L'ensemble musical "A Hue et e Dia" revisite les chants traditionnels, par amour des mots et des langues. Sur scène, cinq femmes chantent a cappella ou accompagnées de percussions. En concert le 30 avril à Bischwiller (Bas-Rhin).
"À chacun de nos concerts, on refuse du monde". C'est Alexandrine Guedron qui parle. Elle raconte les débuts de son ensemble musical : cinq femmes qui se rencontrent en 2011 autour de l'improvisation musicale, mais toutes attirées aussi par les chants traditionnels. A Hue et a Dia est né pour chanter la tradition orale et aussi des chants imaginaires.
Cette attirance les rattrape, elles s'intéressent d'abord aux chants traditionnels des pays de l'Est, la Serbie, la Bosnie, mêlés à leurs improvisations. Puis les percussions s'invitent. Leur curiosité n'a pas de frontière : les polyphonies sont la base du chant humain, sur tout le globe.
Au gré des rencontres, des échanges, elles apprennent à prononcer des mots, elles apprennent les techniques de chant des peuples dont elles s'entichent. Et surtout, elles demandent ce que veulent dire ces chants, d'où ils viennent, pour qui ils sont.
Le sens des mots
Leur objectif, c'est "d'aller à la rencontre de personnes qui parlent d'autres langues, qui nous apprennent à les prononcer, qui nous expliquent le sens et les paroles. Et fortes de ces rencontres, on les interprète à notre façon. Désormais, nous chantons essentiellement des chants traditionnels, avec des parties improvisées à l'intérieur", résume Alexandrine.
Leur nouveau spectacle, Empreintes, a été vu à Ostwald (Bas-Rhin) et Munster (Haut-Rhin), il sera à Bischwiller (Bas-Rhin) le 30 avril 2024. Ce concert gratuit servira de point de départ à des ateliers autour du chant et de la voix, qui auront lieu au MAC de Bischwiller à partir du mois de mai.
Dorénavant, les cinq musiciennes parcourent le monde en chantant. Après les pays de l'Est, elles ont rencontré un chanteur malgache, une chanteuse grecque et un chanteur irakien qui chante en araméen.
Certains voisins, des demandeurs d'asile, ou par bouche-à-oreille, c'est la première étape : le collectage des chants. Alexandrine, Claire, Elsa, Leila et Julie écoutent les histoires chantées, elles intègrent les traditions orales de ces cultures qu'elles découvrent, et se les réapproprient pour les transmettre à leur public.
"On a rencontré une Camerounaise dont la grand-mère parle le fee fee. Et ce n'est pas juste la langue qui nous intéresse, mais l'histoire derrière ce chant."

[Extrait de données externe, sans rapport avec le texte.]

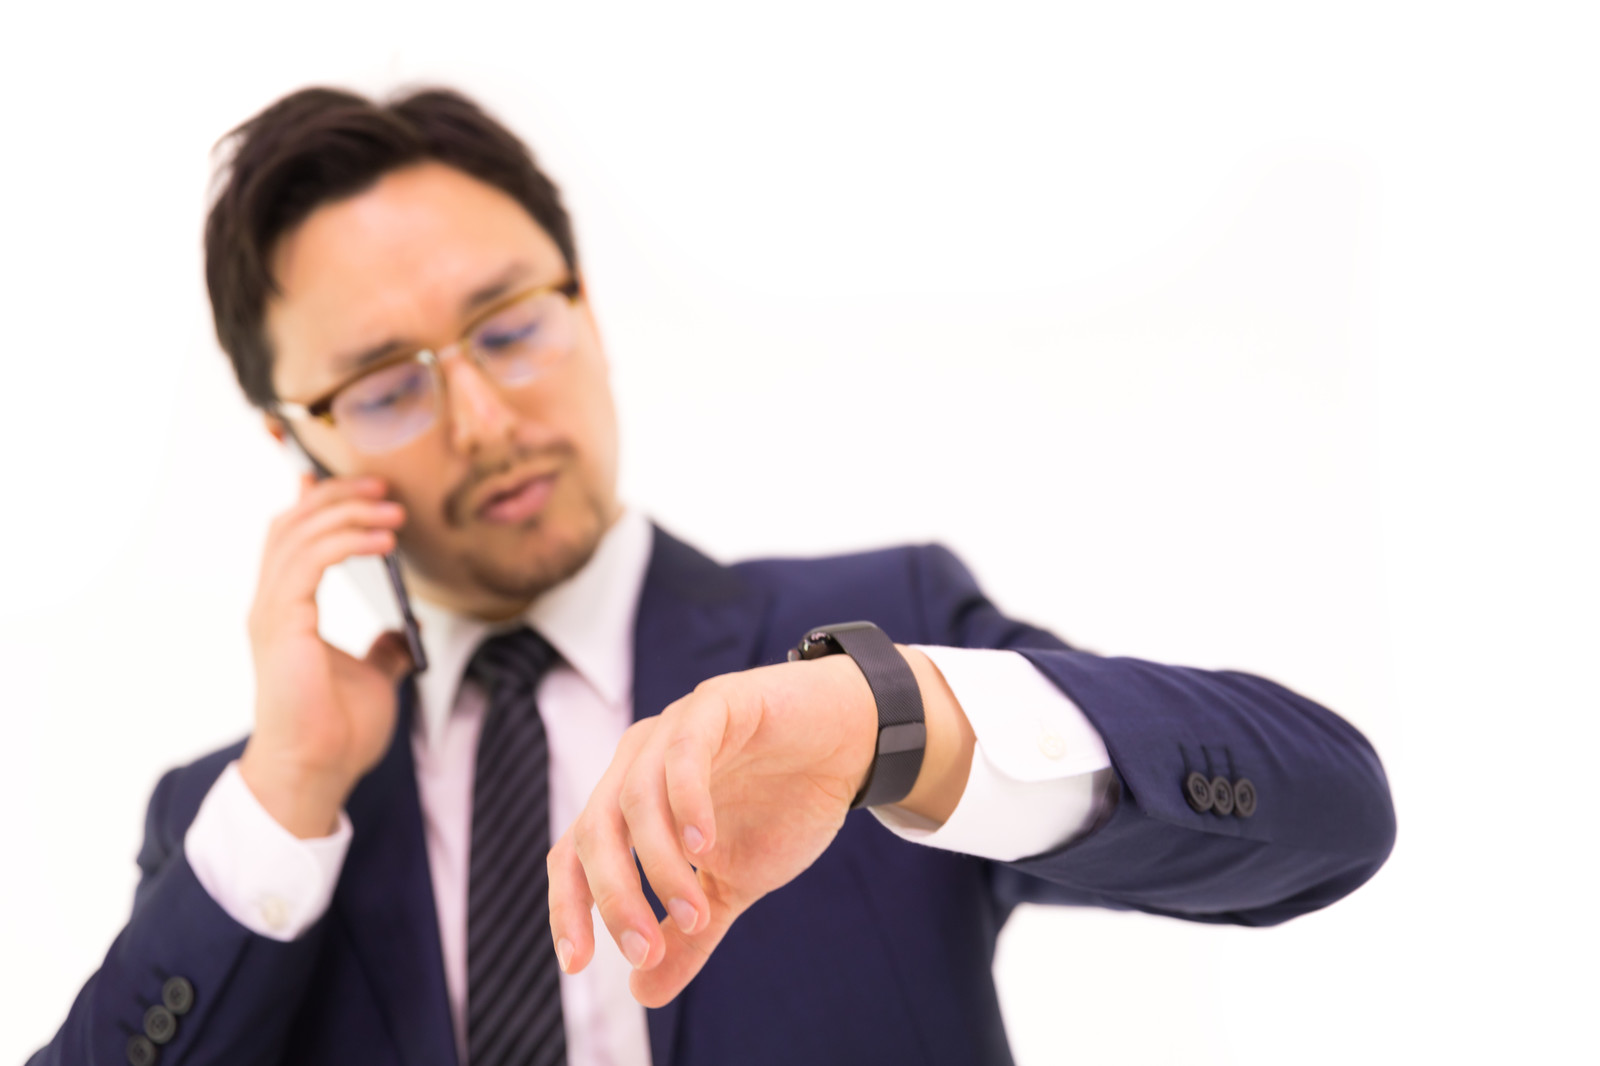 「スマートウォッチでメッセージを確認する外資系社員 | 写真の無料素材・フリー素材 - ぱくたそ」の写真[モデル:Max_Ezaki]

Die le die le mena, pouh nfeuh diè laah waah, oo yaa bee ngue nke? / Dors mon enfant, tous les princes et princesses sont endormis, que fais-tu encore éveillé ?
chanson traditionnelle en fee fee (Cameroun)
Chants régionaux
"Ce qui est nouveau dans ce nouveau spectacle aussi, c'est que nous avons cherché des chants dans nos origines régionales : nous avons trouvé un chant en alsacien sur l'avortement, qui date du XVIIe siècle. On souhaite que le destin tragique de la femme de la chanson ne se produise plus aujourd'hui."
"On fait très attention aux contenus, il est essentiel de prendre des chants qui nous touchent, et qui correspondent à notre vision de la société, en tant que femmes."
Mit was hät si dänn die fischl gfànge Maria liewes kind ? Sie häts mit Rüete und Stäcklegfange, mach mys Bett müeter, gschwind ! / Qu'avez-vous utilisé pour attraper le poisson Marie, mon cher enfant ? Elle l'a attrapé avec une verge et des bâtons, fais mon lit maman, vite !
chant traditionnel alsacien du 17e siècle
Pas d'inquiétude pour ceux qui ne comprennent ni l'alsacien, ni le fee fee, ni le bosniaque : "on passe du temps sur scène à expliquer les paroles et le contenu des chants avant de les chanter".
A hue et a dia sera en concert à La Petite Pierre (Bas-Rhin), dans le in du festival Au grès du jazz le 16 août et le 21 août au théâtre de Haguenau (Bas-Rhin) dans le cadre du Festival du houblon.